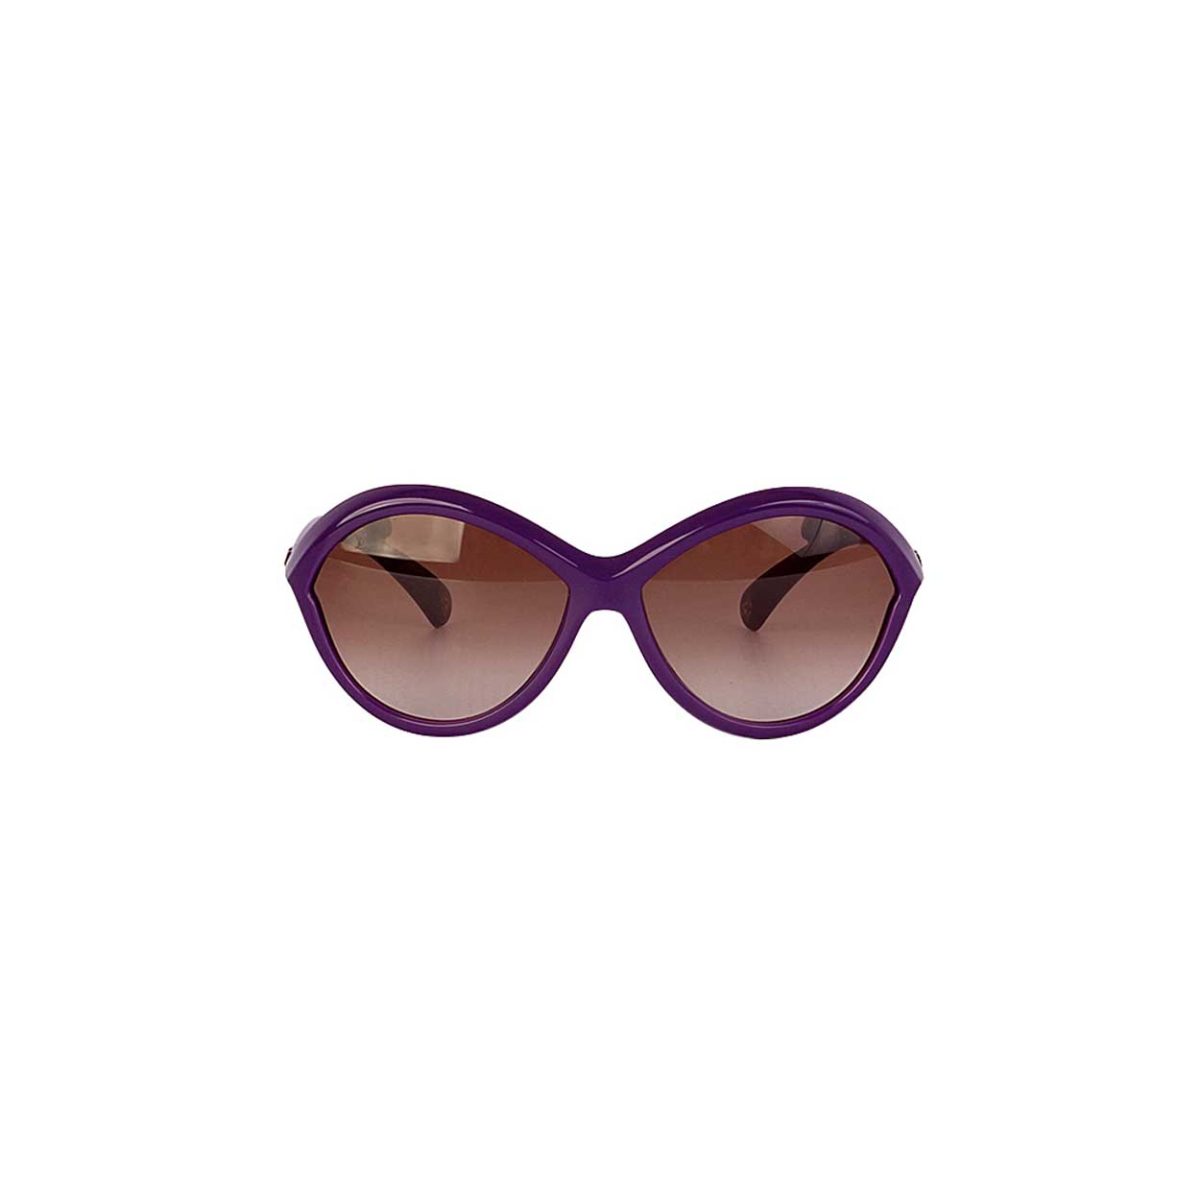 Louis Vuitton Flore Sunglasses in Black and Violet
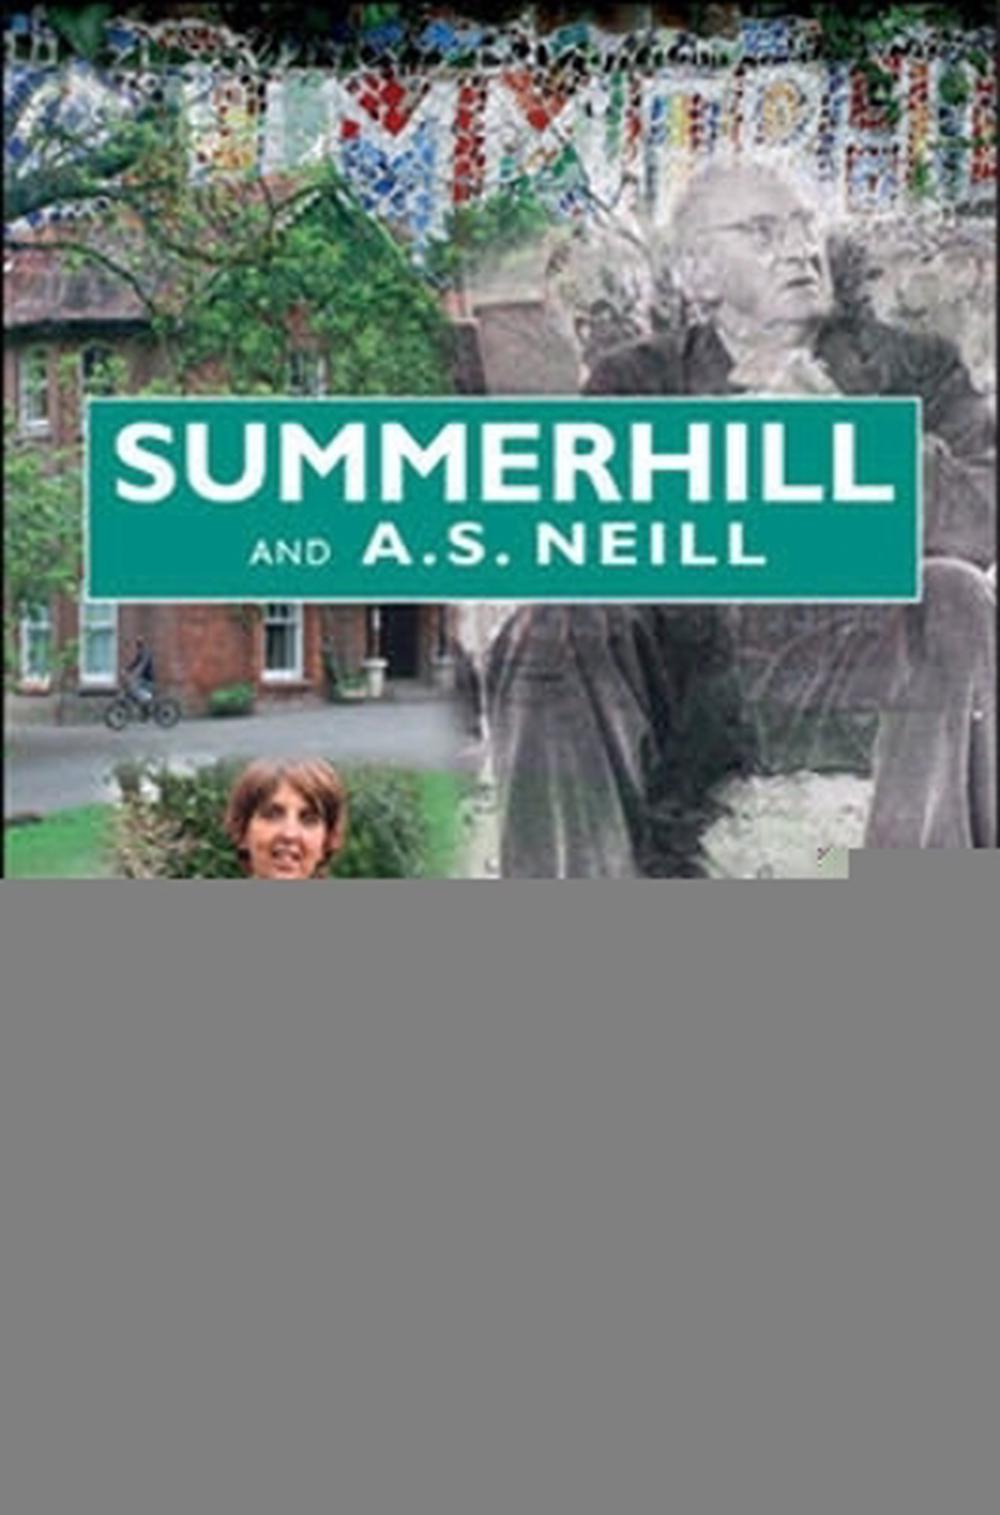 summerhill by as neill
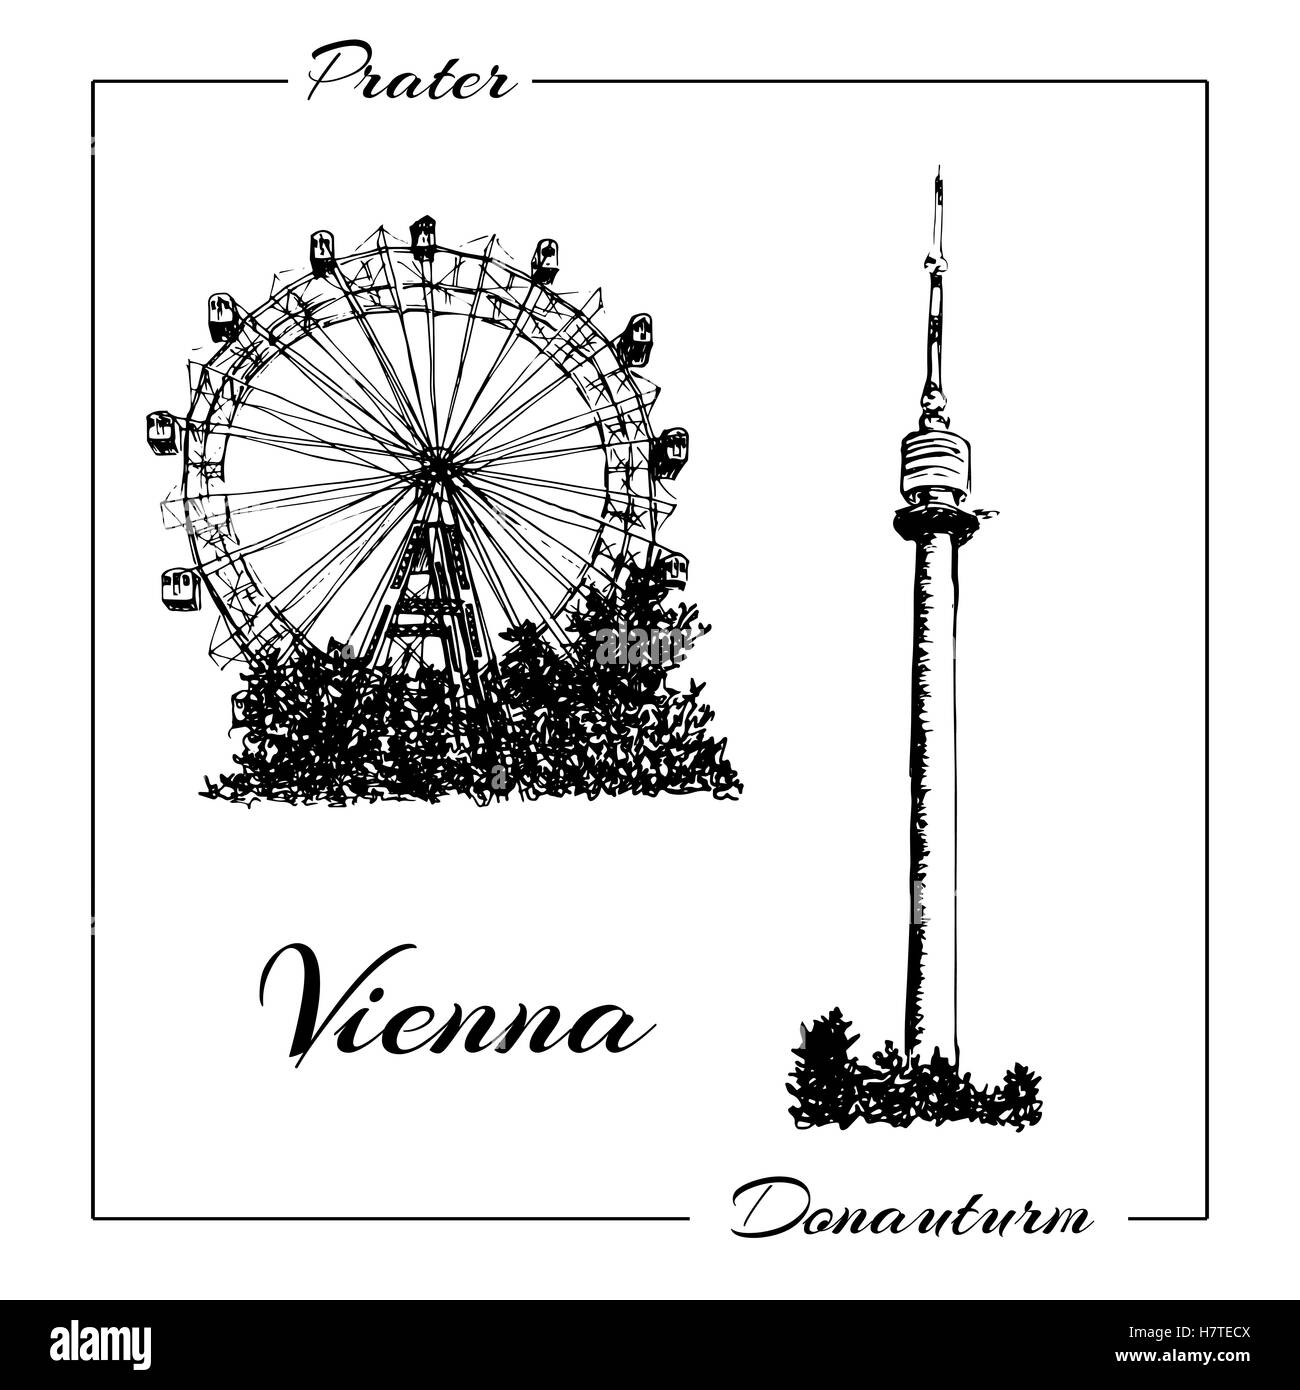 Wiener Prater und Donauturm. Stock Vektor

····················

[PROBLEM TO SOLVE]:
Could you copy each line above exactly as written, minus any pictures?

[COMPLETED EXERCISE]:
 Louis Vuitton Flore Sunglasses in Black and Violet
 summerhill by as neill
 Wiener Prater und Donauturm. Stock Vektor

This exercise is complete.